Table 1.
Structural relationships between λ-exonuclease and type II restriction enzymes
| PvuII (15, 16) | EcoRV (17) | EcoRI (18) | BamHI (19) | Cfr10I (20) | |
|---|---|---|---|---|---|
| Structurally equivalent residues | 78 | 90 | 51 | 63 | 74 |
| Deviation between Cα atoms, Å | 2.7 | 4.5 | 3.5 | 4.1 | 3.0 |
| Chemically identical residues | 12 | 10 | 2 | 8 | 6 |
| Corresponding active-site residues | |||||
| λ-exonuclease: Glu-85 | Glu-55 | Glu-45 | Asp-59 | Glu-77 | Glu-71 |
| λ-exonuclease: Asp-119 | Asp-58 | Asp-74 | Asp-91 | Asp-94 | Asp-134 |
| λ-exonuclease: Glu-129 | Glu-68 | Asp-90 | Clu-111 | Glu-111 | Glu-204 |
| λ-exonuclease: Lys-131 | Lys-70 | Lys-92 | Lys-113 | Glu-11 | Lys-190 |
| Structurally equivalent residues | |||||
| λ-exonuclease: αE | 83–98, 33–48 | 74–97, 34–57 | 79–97, 33–51 | 80–97, 56–73 | 74–96, 60–82 |
| λ-exonuclease: βa | 99–103, 49–53 | 98–106, 61–69 | 98–109, 53–64 | 100–103, 74–77 | 98–103, 89–94 |
| λ-exonuclease: βc | — | — | 111–117, 83–89 | — | 113–118, 128–133 |
| λ-exonuclease: βd | 121–124, 58–61 | 116–124, 71–79 | 119–124, 94–99 | 117–124, 92–99 | 119–123, 134–138 |
| λ-exonuclease: βe | 125–135, 66–76 | 125–132, 86–93 | 125–131, 104–110 | 125–133, 107–115 | 124–133, 183–192 |
| λ-exonuclease: loop | — | 134–137, 94–97 | — | — | — |
| λ-exonuclease: αG | — | — | — | 149–165, 118–134 | 148–166, 195–213 |
| λ-exonuclease: loop | 163–166, 91–94 | 165–168, 125–128 | — | 166–169, 135–138 | — |
| λ-exonuclease: βf | 167–177, 96–106 | 169–176, 130–137 | — | 170–174, 139–143 | 168–175, 227–234 |
| λ-exonuclease: βg | 183–191, 109–117 | 183–189, 167–173 | — | — | — |
| λ-exonuclease: αH | 192–207, 120–135 | 192–202, 209–219 | — | — | — |
| λ-exonuclease: αH | — | 205–210, 220–225 | — | — | — |
Each of the proteins listed was compared with λ-exonuclease using the Dali database server (22).

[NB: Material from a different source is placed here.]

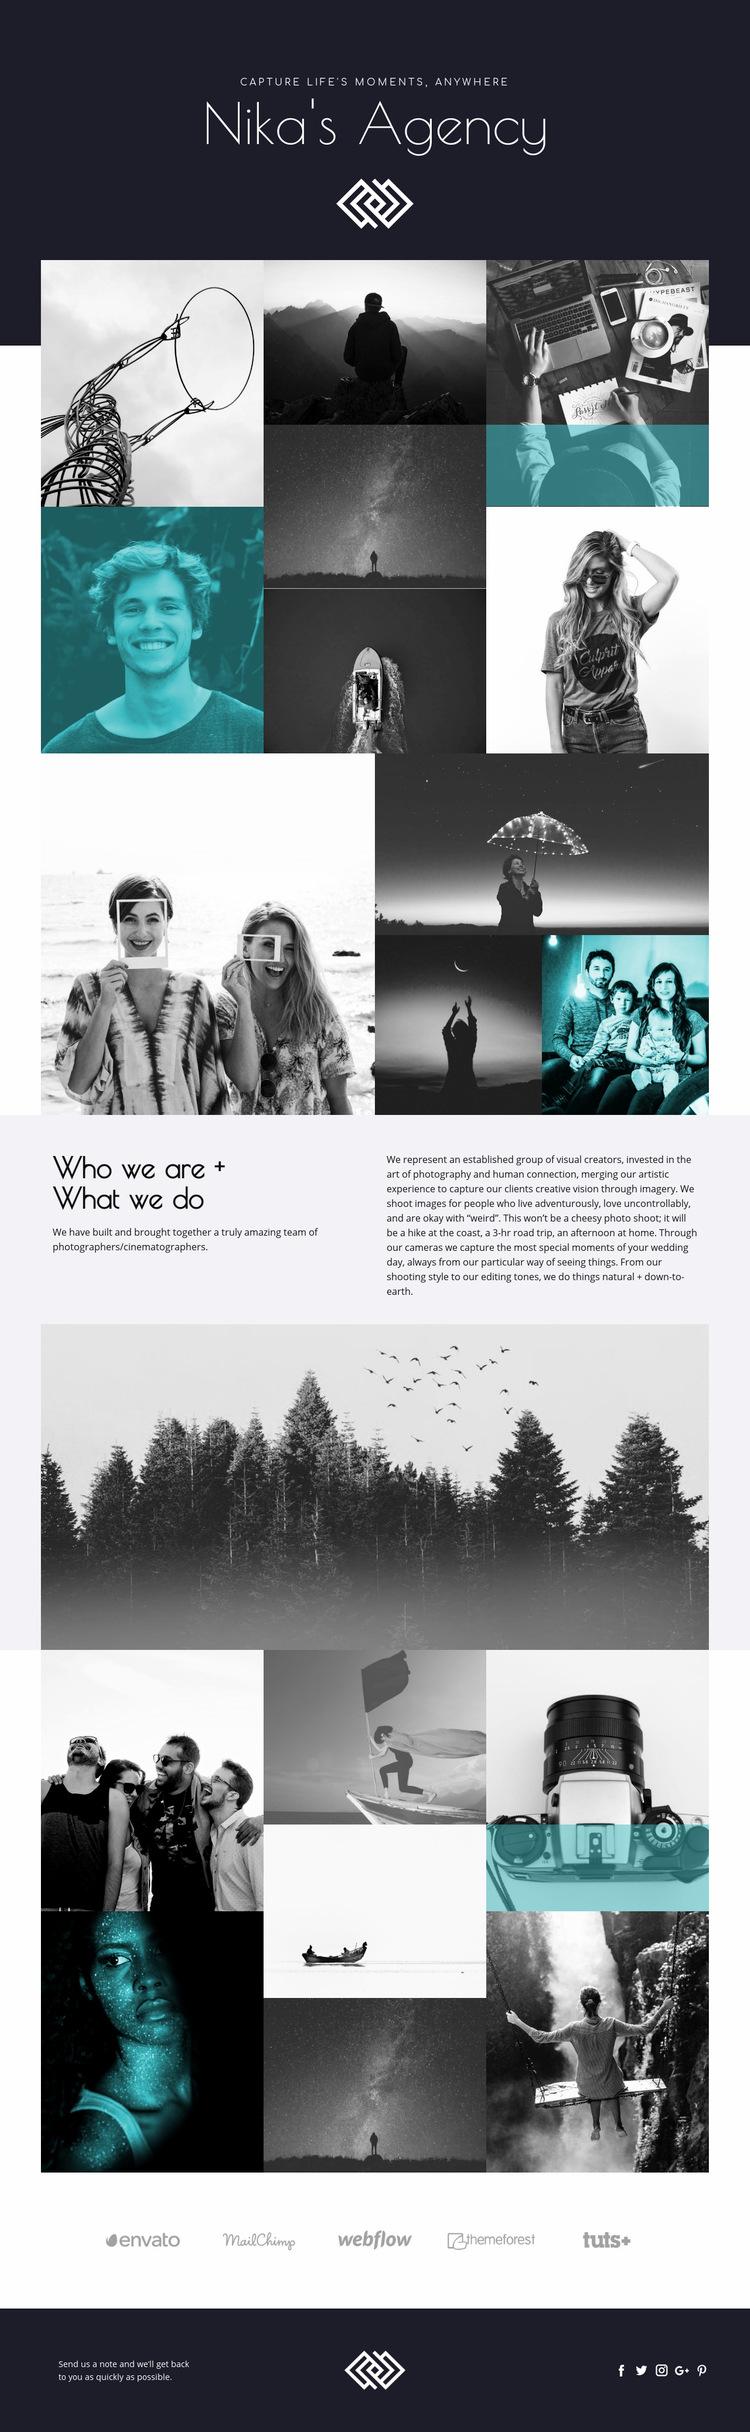 Nika's Agency Web Page Design

The table gives the number of equivalent residues, the rms deviation, and the number of structurally equivalent residues that are chemically identical in the pairwise comparison of λ-exonuclease with each enzyme. The segments of structure that correspond are identified, with the residues from λ-exonuclease given first, followed by the structurally equivalent residues in the restriction enzyme. In addition to the overall regions of similarity, the server identified residues 154–157 in λ-exonuclease and residues 80–83 in PvuII and residues 153–156 in λ-exonuclease and residues 106–109 in EcoRV as equivalent. However, by visual inspection, it was clear that these short segments are not part of the overall correspondence, and they therefore were deleted from the analysis. Similar short segments were identified by Dali in the pairwise comparison of λ-exonuclease with EcoRI, BamHI, and Cfr10I and also were omitted.